DATA BLOCK
◇ ◇ ◇ ◇ ◇
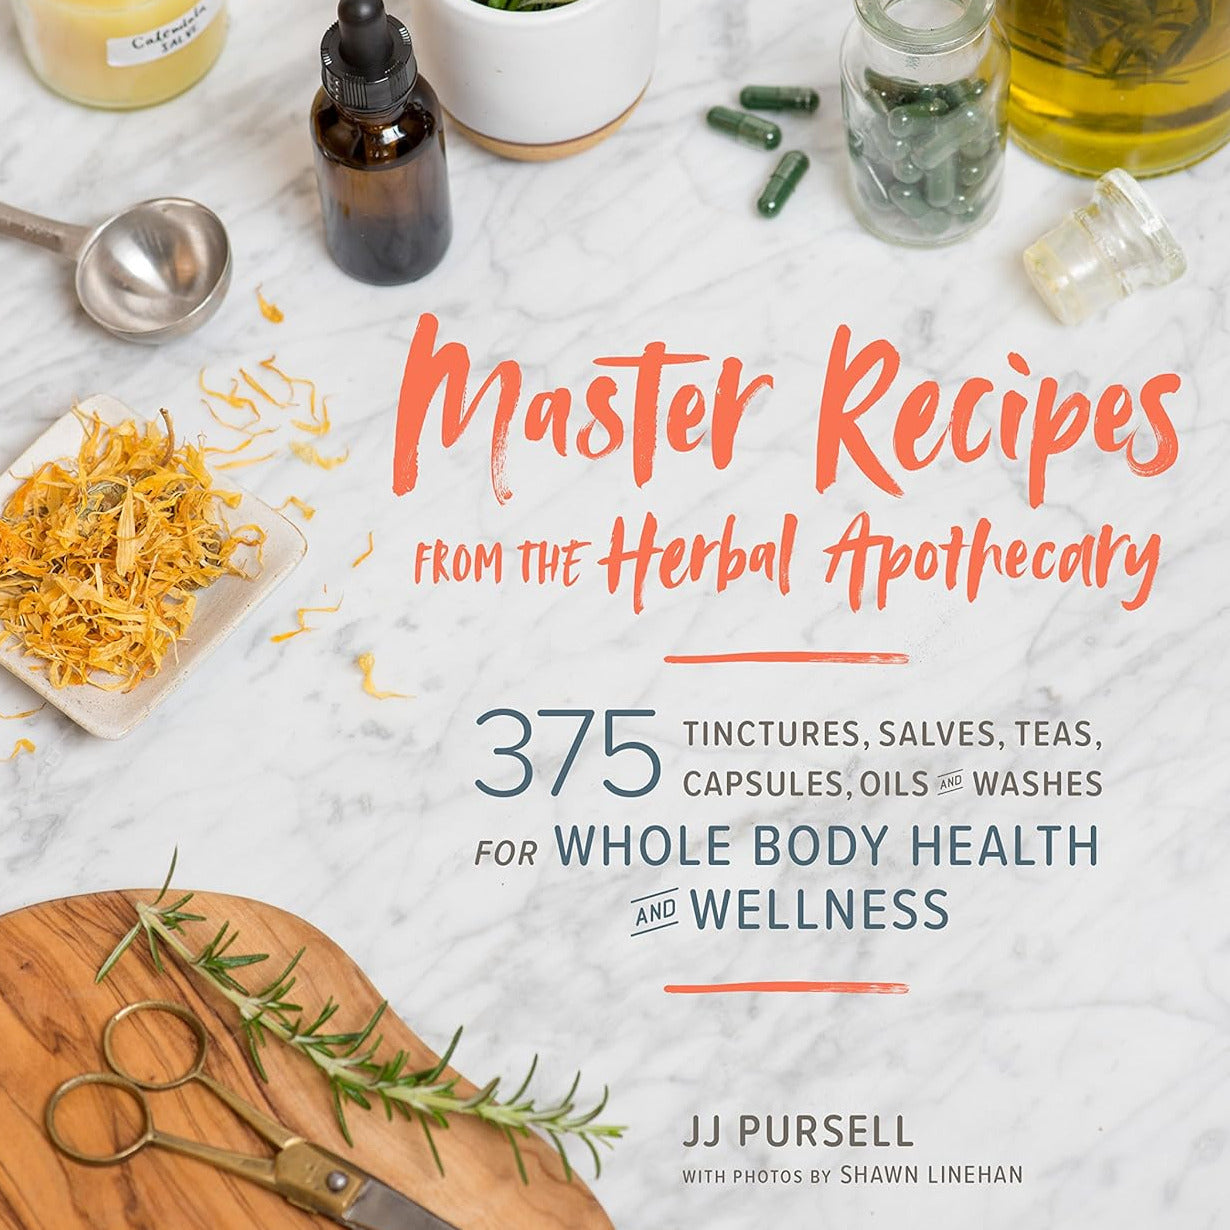 Master Recipes from the Herbal Apothecary
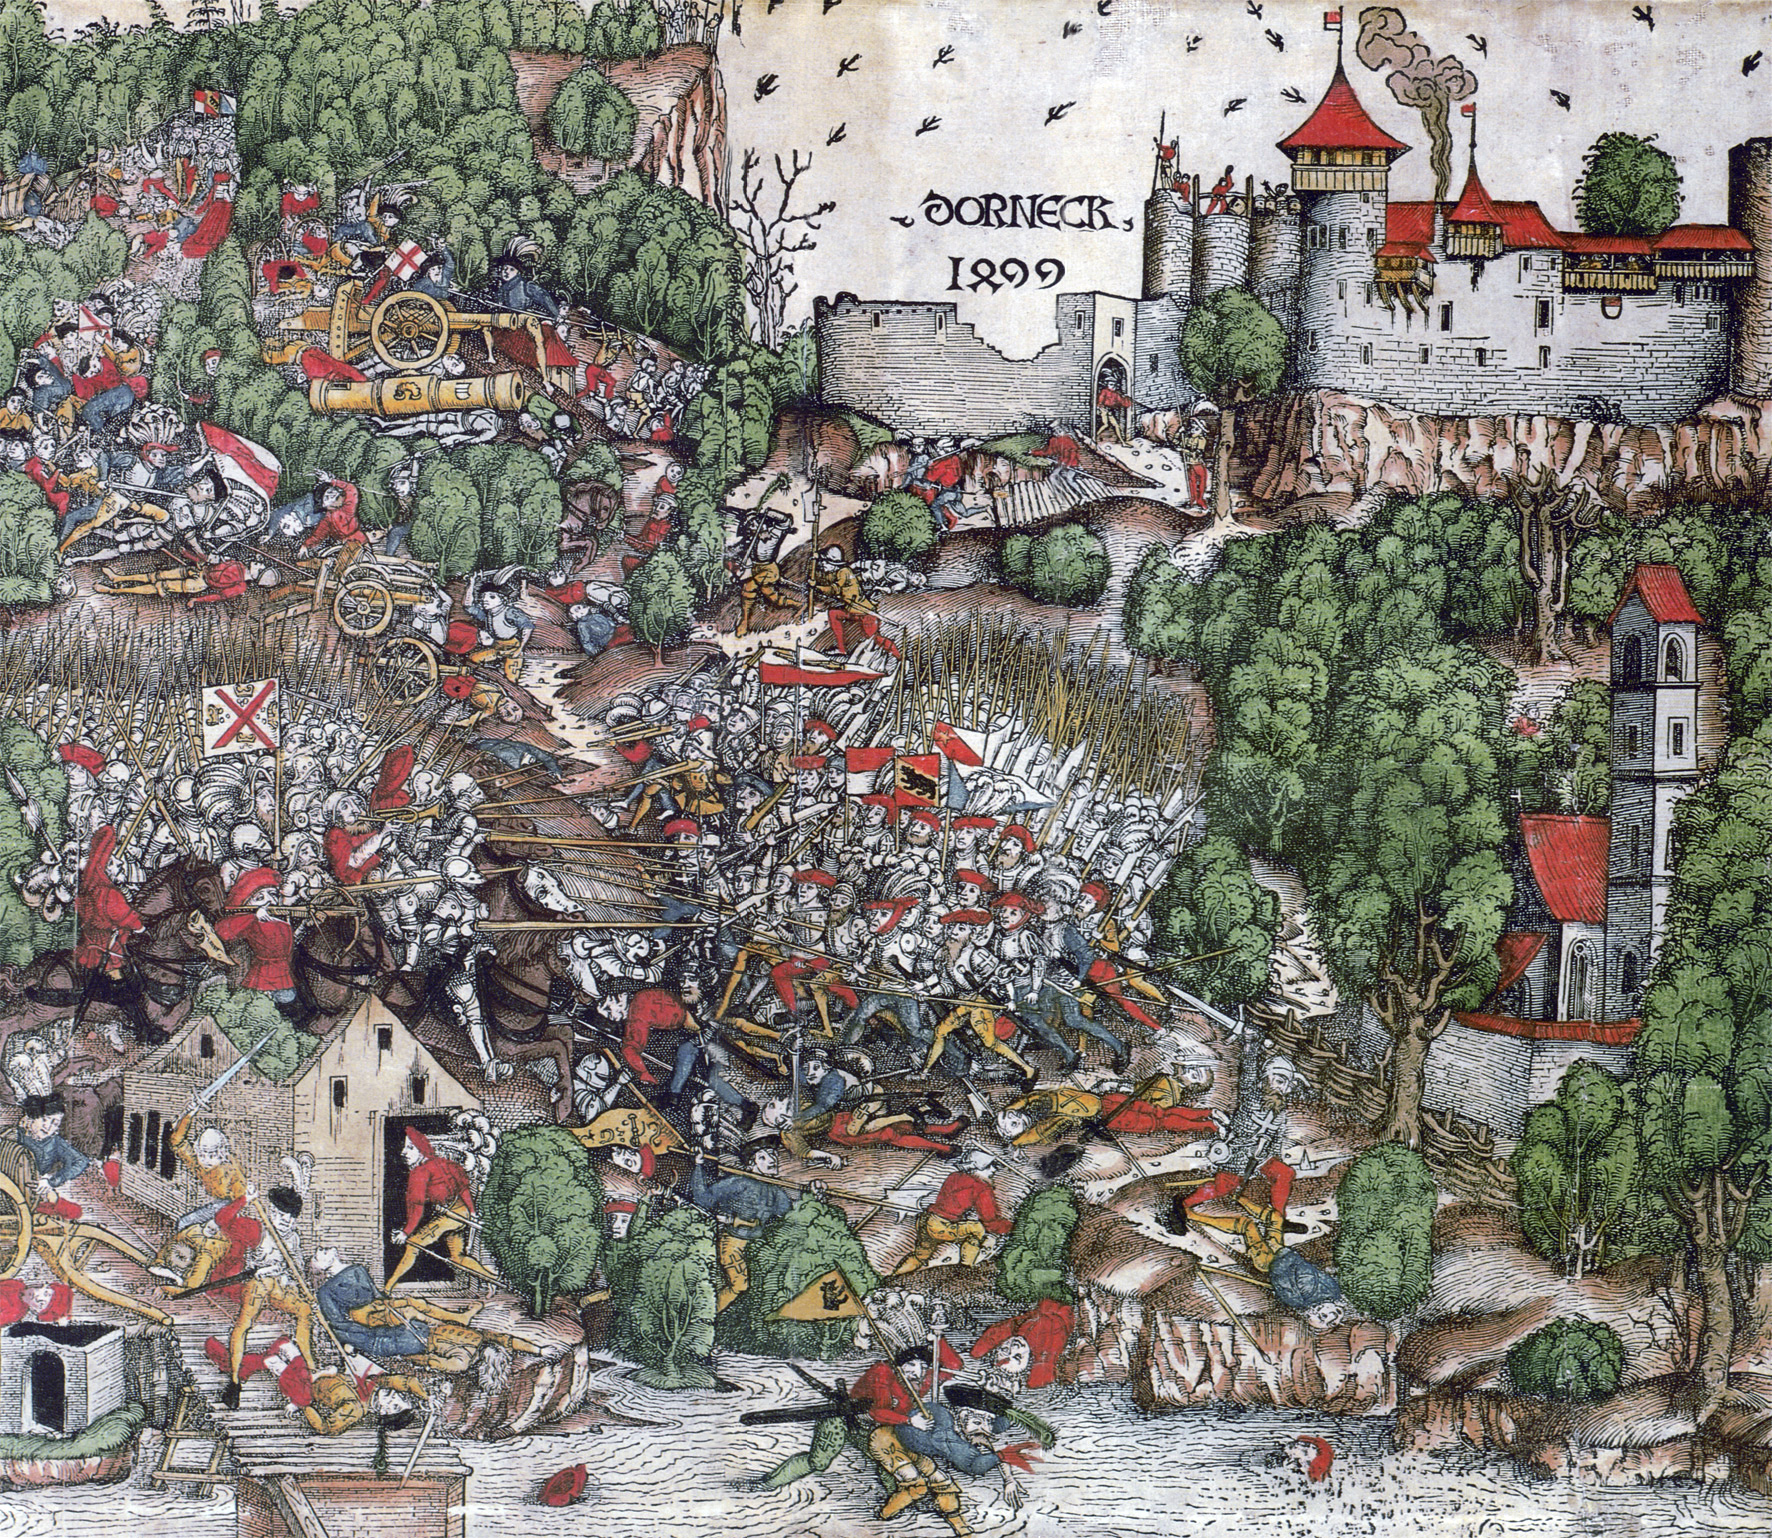 Battle of Dornach – The Swiss Confederacy decisively defeat the Imperial army of Emperor Maximilian I
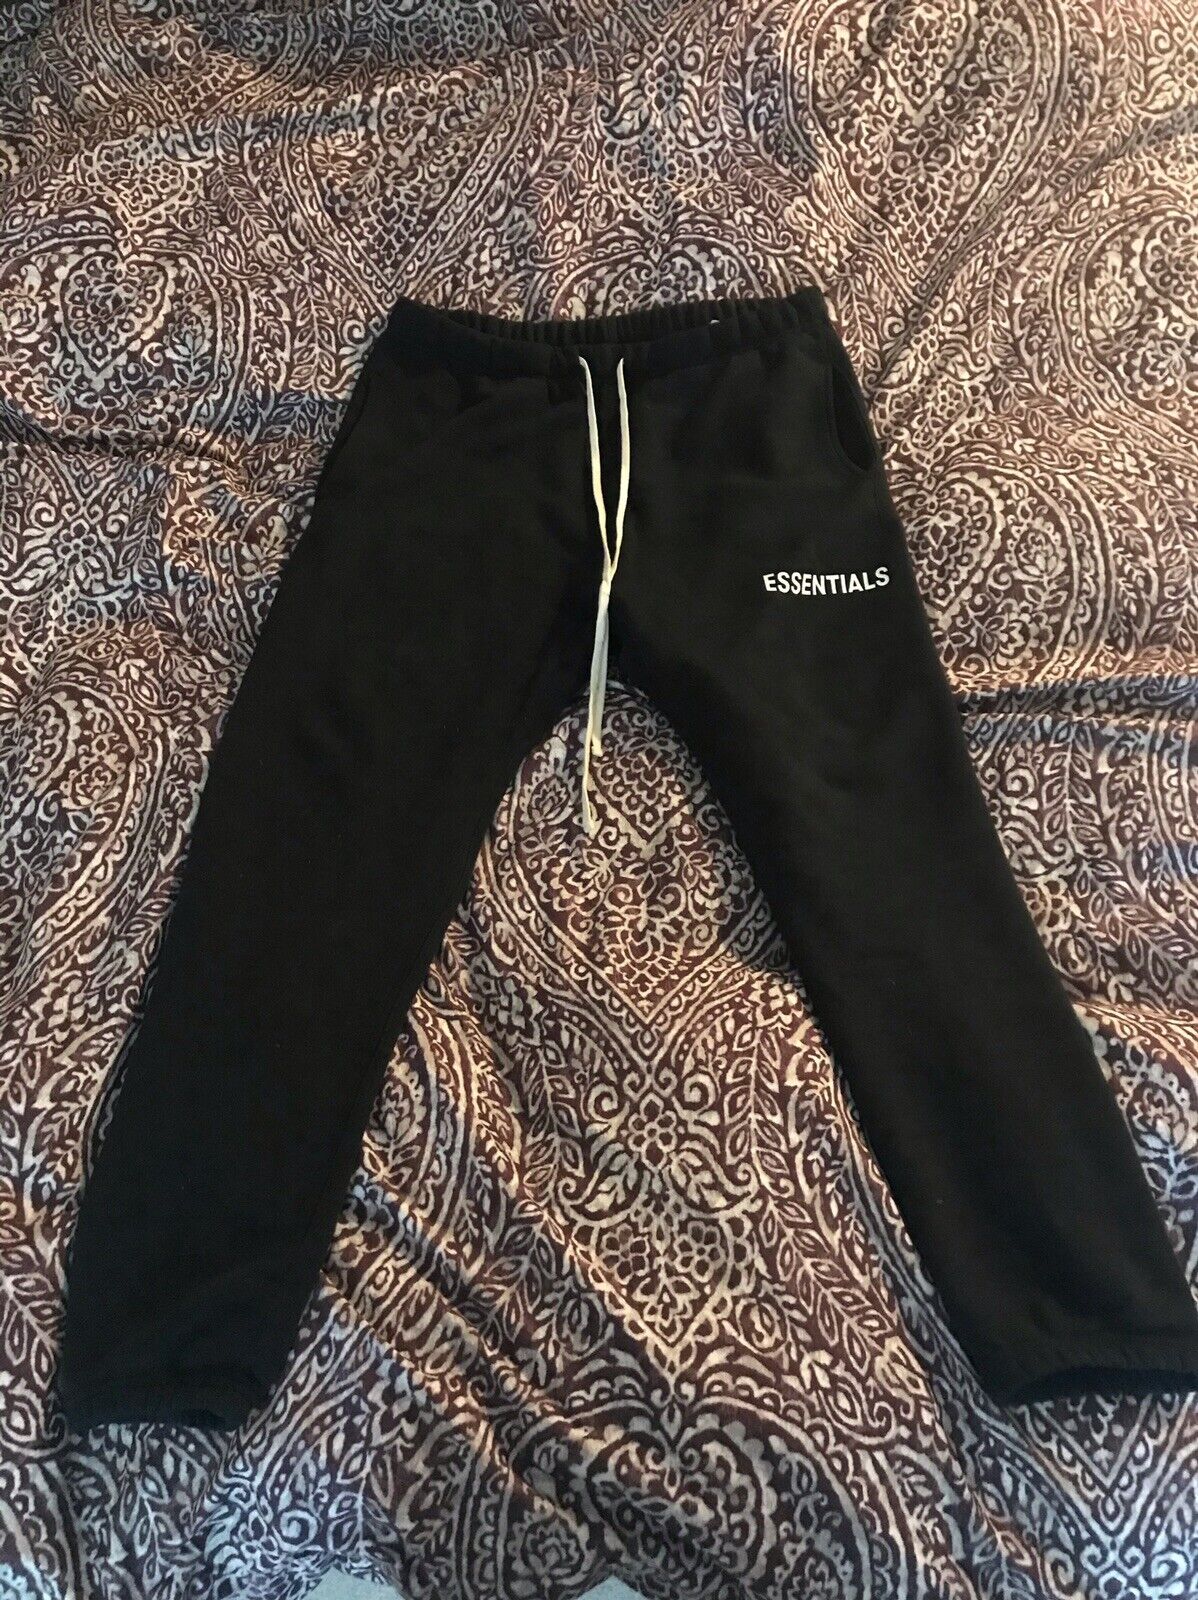 Fear Of God Essentials Sweatpants; Black White; Pre-Owned; XL
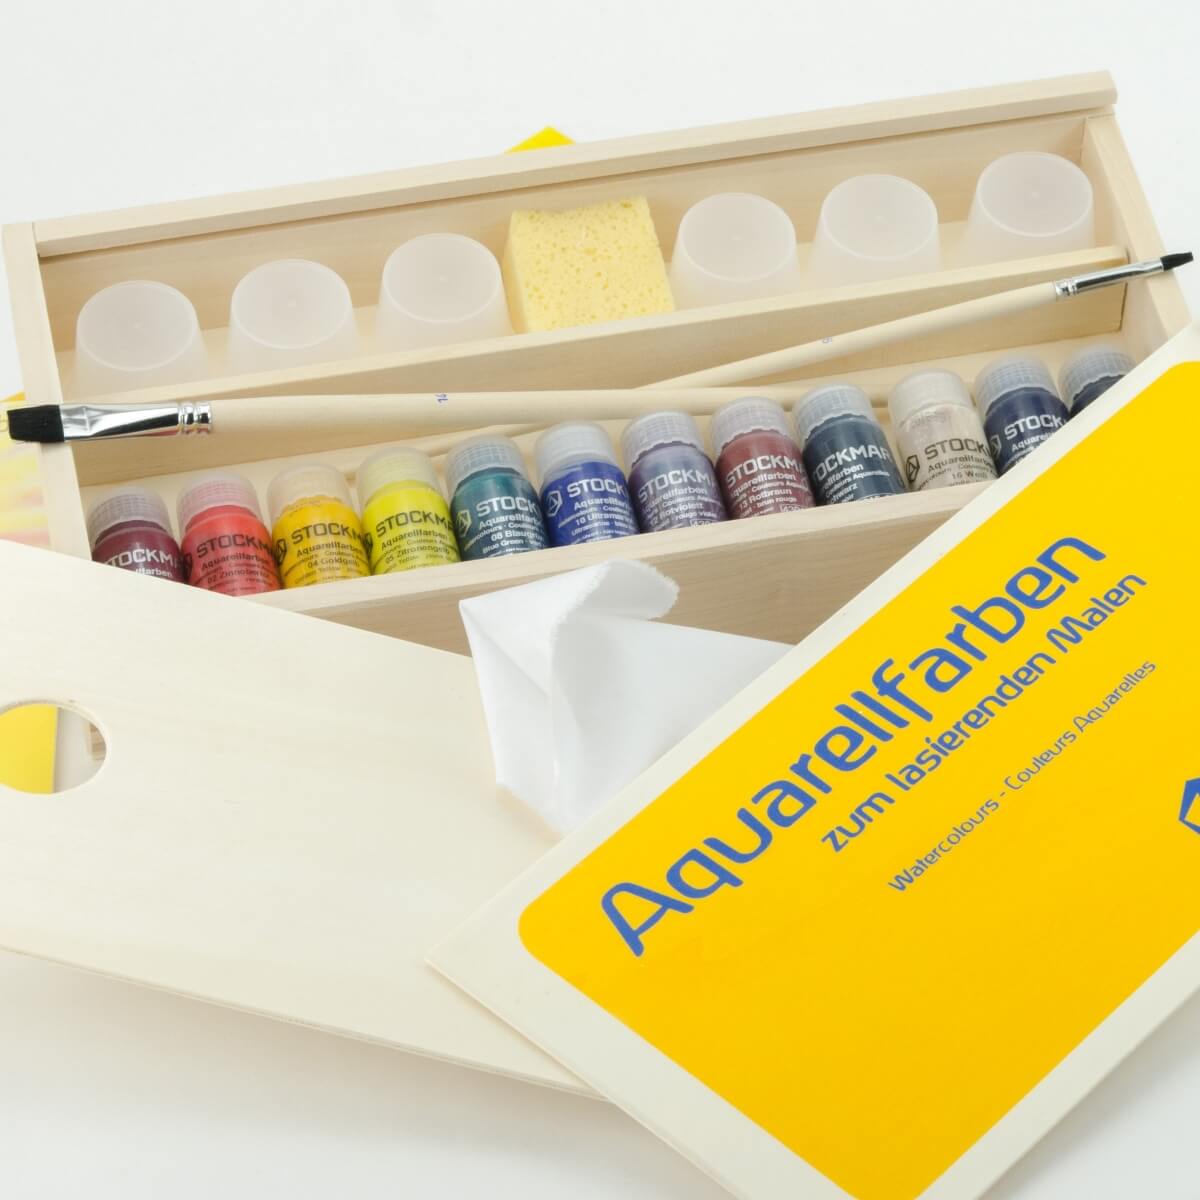 85043046 Stockmar Aquarelle Watercolours 12x20 ml in Wooden Box with accessories
◇ ◇ ◇ ◇ ◇
PROMPT
Please return exactly the lines from the one containing "Fear Of God" through the end of the material above, both ends included, but not the pictures.

REPLY
 Fear Of God Essentials Sweatpants; Black White; Pre-Owned; XL
 85043046 Stockmar Aquarelle Watercolours 12x20 ml in Wooden Box with accessories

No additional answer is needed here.